4:42 AM, November 27, 2024

Ok, the title might be *slightly* clickbait, since any statistician who’s worked with logistic regression before would immediately click the title trying to figure out what the hell I’m talking about, since it’s just fine to use logistic regression for non-rare events. But I wanted a title to pique the readers curiosity about the post, which will be relatively short today since I have a doctor’s appointment early tomorrow morning and it’s already past 3 AM. First, some context. For the T32 Environmental Health training grant that I’m on, we have weekly informational meetings / informal seminars where we discuss things we are working on or specific subjects, and in a week we will each review one another’s preliminary analysis plans for current projects we are working on which I’m looking forward to. These meetings are very helpful and help build up a great friendly atmosphere among us trainees on the grant. One fellow trainee, the amazing Claire Nurse, is the epidemiologist of the group, while all of the rest of us trainees are statisticians. For the informal seminar this past week Sally asked Claire to do a presentation of some of her dissertation work on the association between PFAS exposure and certain health outcomes, as well as her work on the association between certain types of fish consumption and PFAS (all you need to know about PFAS is that it’s probably not good for you). The presentation was derailed several times by us statisticians asking all sorts of questions about all of the methods used (and I also got to learn a bit about survey statistics) but this only contributed to the amount we all learned about her work and just in general from discussion with fellow statisticians the way discussion often leads to learning. But the focus of this blog post will be on just one thing she said that led to a significant portion of the discussion.
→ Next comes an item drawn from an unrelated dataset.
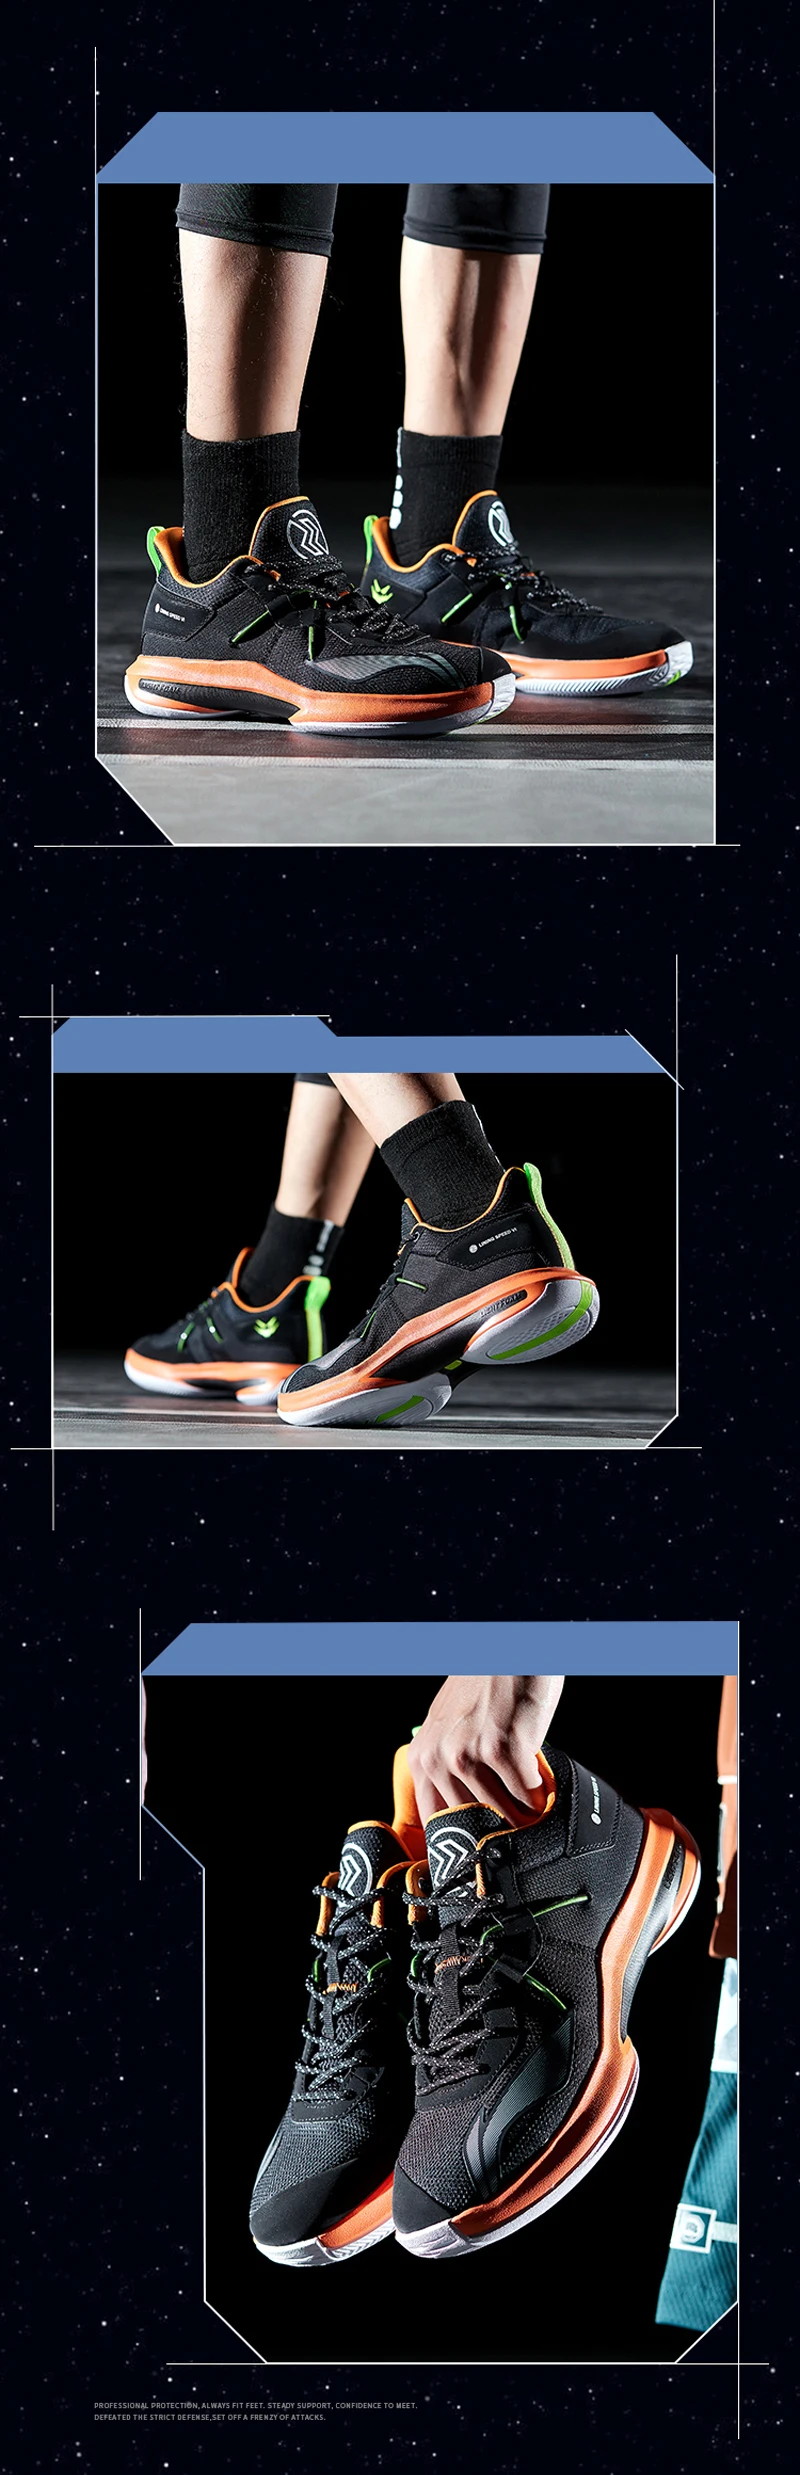 Li-Ning Для мужчин Скорость VI Профессиональная баскетбольная обувь светильник подушка из пены с эффектом подкладка Спортивная обувь Кроссовки ABAP069 XYL292

Since PFAS exposure was coded as binary, she explained that a poisson GLM was used in order to model PFAS with predictors of sex, diet, etcetera, and when I asked why she couldn’t have just used logistic regression, since poisson is not ‘really’ the distribution of PFAS (since Poisson is non-binary) she said that she used the poisson GLM because the outcome was not sufficiently rare. About 25% of participants had an outcome of 1. I had a moment of existential crisis as I wondered how I could have possibly been doing logistic regression in a circumstance where it shouldn’t be used, followed by realization that this couldn’t possibly be right. Luckily when I asked what she meant by her statement about not using logistic for non-rare outcomes, she explained that there’s nothing wrong with using logistic regression for non-rare outcomes if you are fine with the log-odds interpretation of the coefficients (which, as a statistician, I think is among the most easily interpretable coefficients that you can have), but that in epidemiology the quantity of interest is the Relative Risk, not the odds-ratio. She then explained that when the event is rare, the odds ratio is a good approximation of the relative risk, but otherwise it is not. However, the Poisson regression produces coefficients that can give you a relative risk. An interesting little fact! First, let’s explain what the odds-ratio is. Let’s say you have an exposure of interest we call scallops, indicating you eat a lot of scallops (assume this is binary), and an outcome PFAS which is binary. The odds of a thing is the probability of it divided by the probability of not it. So if you roll a 6-sided dice the odds of a 5 is 1/5 = 0.2, since odds(5) = P(5)/P(not 5) = (1/6)/(5/6) = 1/5 = 0.2. The odds ratio is just the ratio of two odds, so the odds-ratio in the PFAS scallops example would be

    \[OR = \frac{(P(PFAS = 1 | Scallops = 1)/P(PFAS = 0 | Scallops = 1))}{(P(PFAS = 1 | Scallops = 0)/P(PFAS = 0 | Scallops = 0))}\]

Now, the Relative Risk, or RR, is defined as the ratio of the probabilities of the event of interest in the exposed and unexposed groups. In the PFAS Scallops example, this would be:

    \[RR = \frac{P(PFAS = 1 | Scallops = 1)}{P(PFAS = 1 | Scallops = 0)}\]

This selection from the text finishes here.